_Description of the task_
With the pictures left out, return exactly the lines from the one containing "The log holder" through the end of the listing below.

_Supplied data_
_ _ _
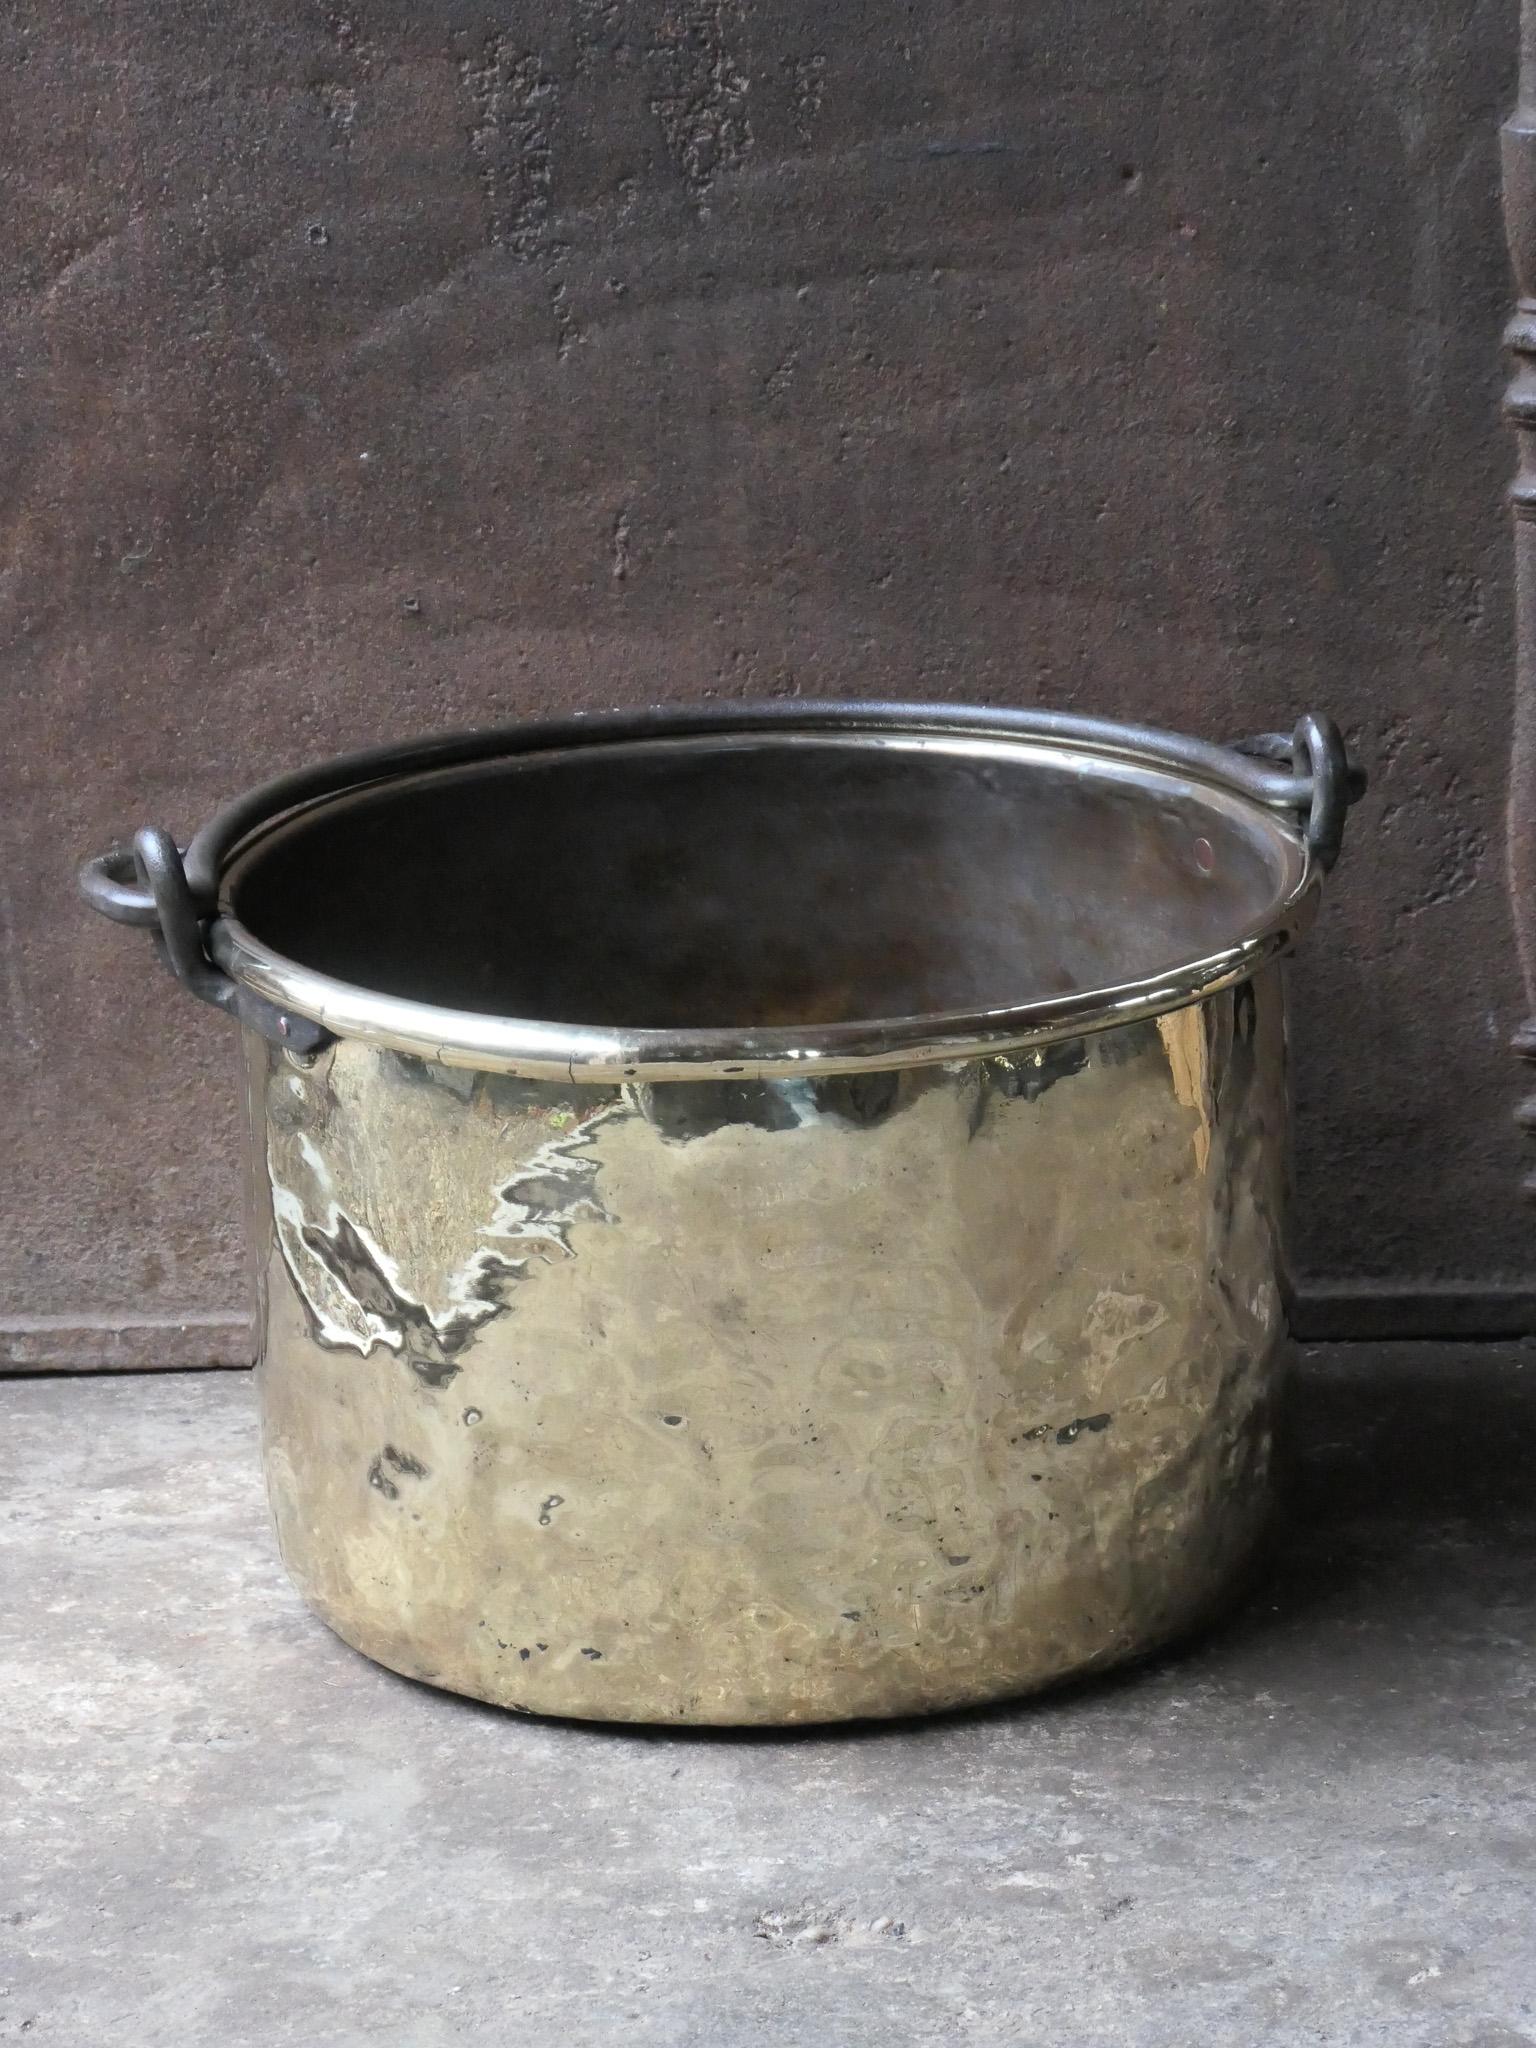 18th century Dutch log basket. The firewood basket is made of polished brass and has a wrought iron handle. Also called 'aker'. Used to draw water from the well and cook over an open fire.

The log holder is in a good condition and is fully
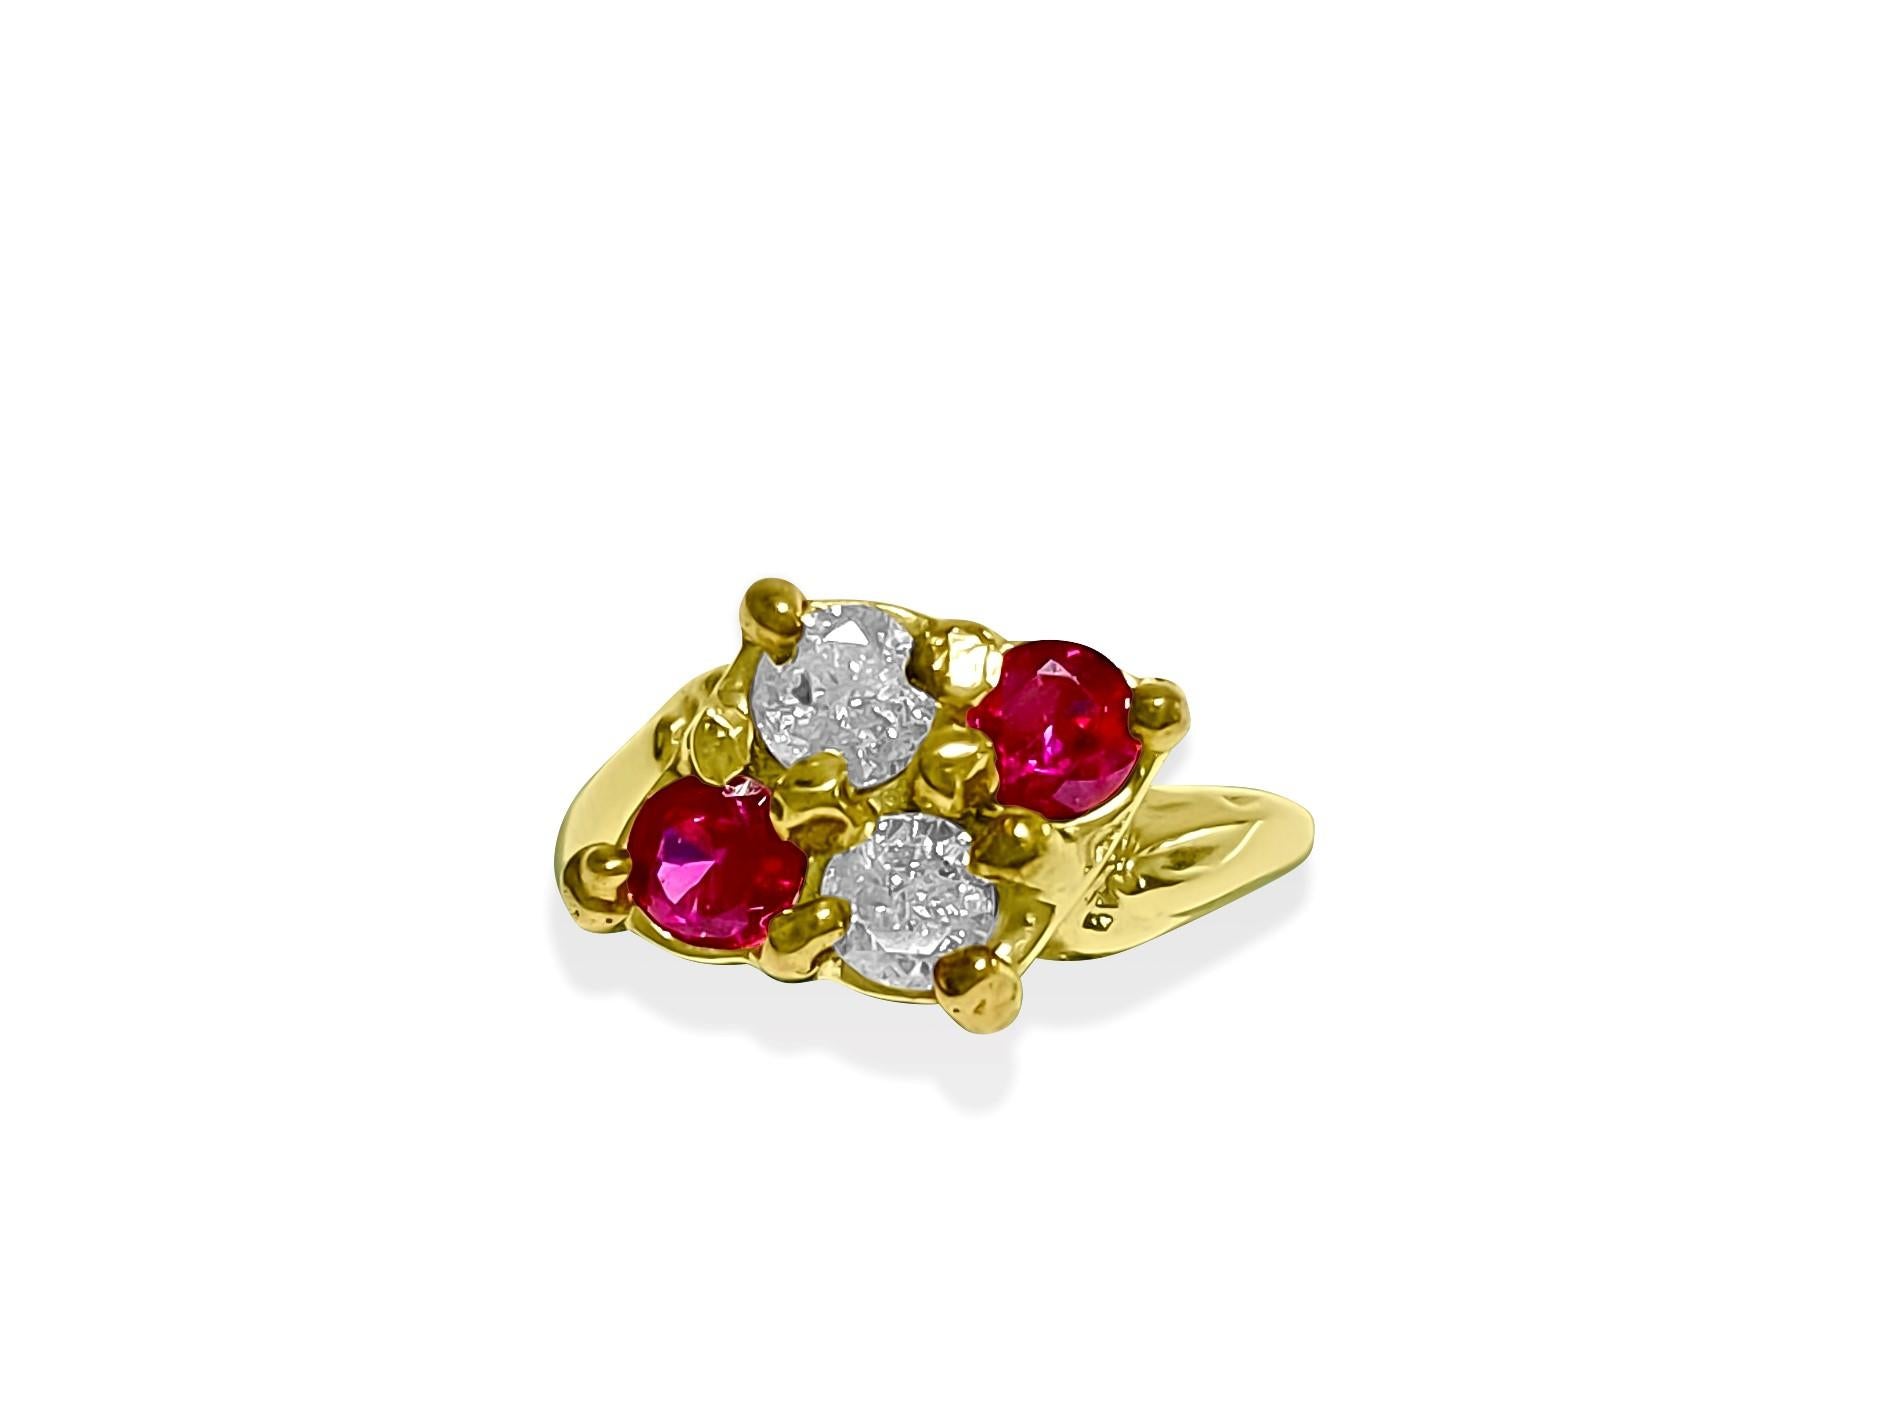 Round Cut Vintage 0.40 Carat Ruby Diamond Cocktail Ring in 14 Karat Yellow Gold For Sale
_ _ _
_Exercise solution_
The log holder is in a good condition and is fully
 Round Cut Vintage 0.40 Carat Ruby Diamond Cocktail Ring in 14 Karat Yellow Gold For Sale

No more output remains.